15.11.2005 | 10:30 Uhr |

Telekom-Vorstandsbezüge nahezu verdoppelt
Vergrößern Telekom-Vorstandsbezüge nahezu verdoppelt

Die EU-Kommission hat Bedenken gegen die im Koalitionsvertrag von Union und SPD erwähnten Anreize für neue Breitband-Telekomnetze. "Wir gehen davon aus, dass die neue Bundesregierung nichts macht, was nicht eng mit der Kommission abgestimmt ist", sagte der Sprecher von EU-Medienkommissarin Viviane Reding am Montag in Brüssel. Die Kommission stößt sich an der Formulierung im Vertrag, dass die durch "entsprechende Investitionen entstehenden neuen Märkte für einen gewissen Zeitraum von Regulierungseingriffen freizustellen" seien.

Profitieren wird von der geplanten Ausnahmeregel die Deutsche Telekom, die ein Glasfasernetzes für drei Milliarden Euro baut. Als Voraussetzung für die Investition hatte die Telekom gefordert, das Netz der Aufsicht durch die Bundesnetzagentur zu entziehen. Die Telekom will bis Mitte 2007 mit dem schnellen Internetzugang 50 Großstädte versorgen. Mit dem neuen Hochgeschwindigkeitsnetz sollen Übertragungsraten von bis zu 50 Megabit pro Sekunde möglich sein Das Unternehmen hat mit dem Bau des Internet-Hochgeschwindigkeitsnetzes bereits begonnen.

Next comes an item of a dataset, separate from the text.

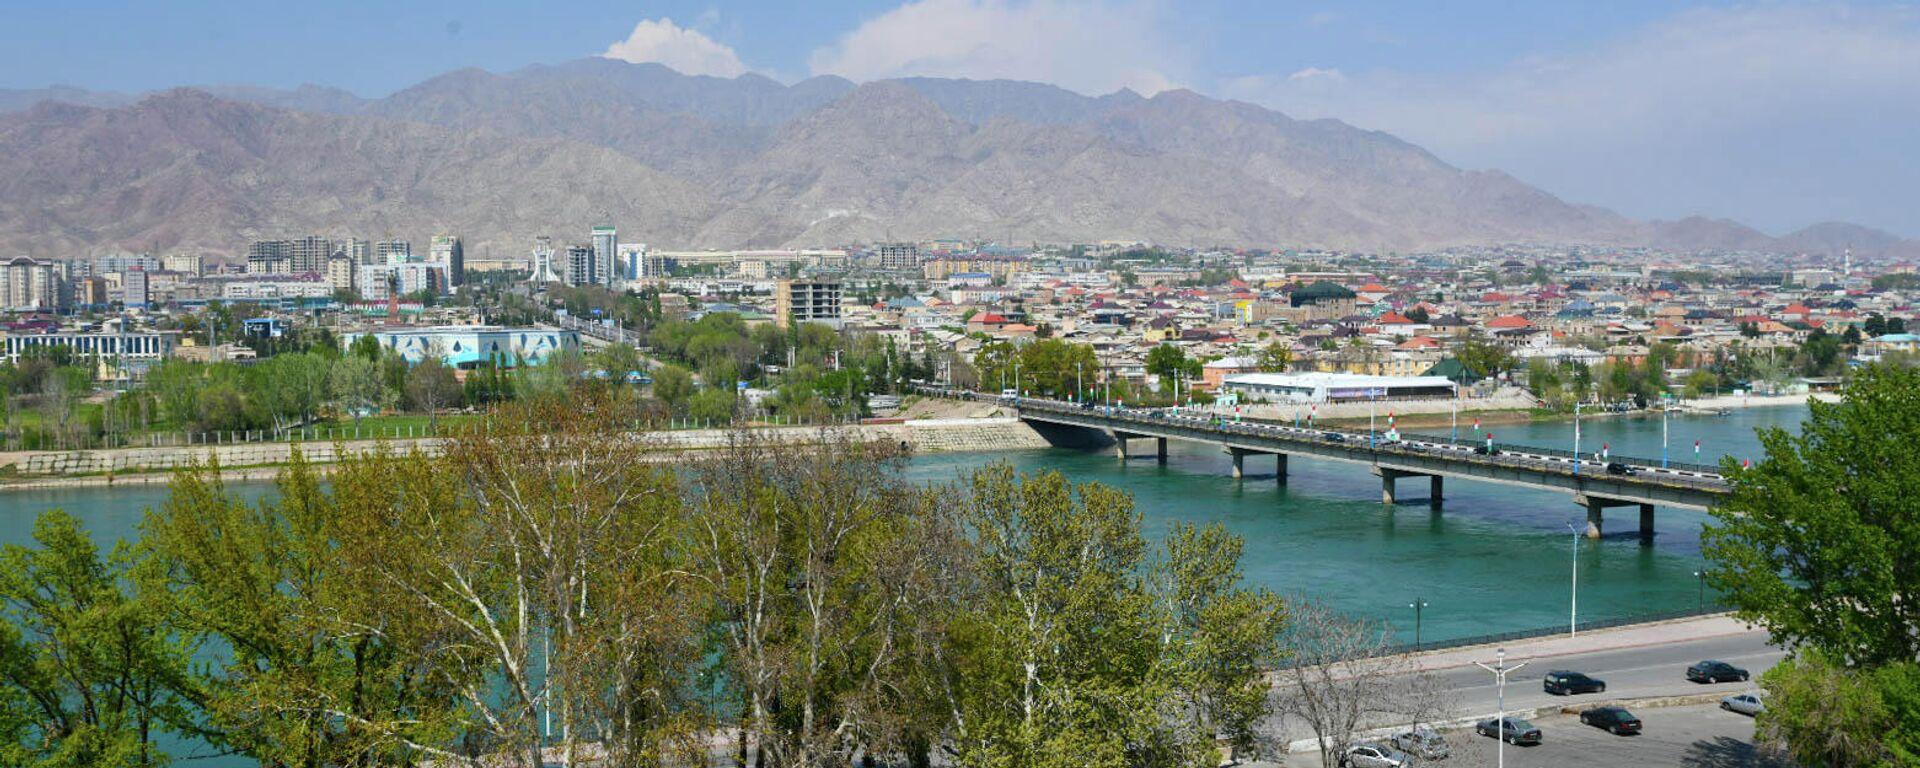 Панорама города Худжанд - Sputnik Таджикистан, 1920, 28.07.2021

Die Konkurrenten der Telekom indes befürchten durch die Herausnahme des Glasfasernetzes aus der Regulierung Wettbewerbsnachteile und erwägen Klage. Mit ihrer Kritik stoßen die Konkurrenten in Brüssel auf offene Ohren: Die EU-Komission hatte bereits vor dem Koalitionsvertrag in einem Brief "ernsthafte Zweifel" an der Ausnahmeregel geäußert. Im Gegensatz zu anderen EU-Staaten betrachtet die zuständige Bundesnetzagentur (ehem. RegTP) das geplante VDSL-Netz als eigenen Markt und will laut früheren Angaben erst den Aufbau abwarten, bevor eine Marktanalyse erstellt werden kann. (dpa)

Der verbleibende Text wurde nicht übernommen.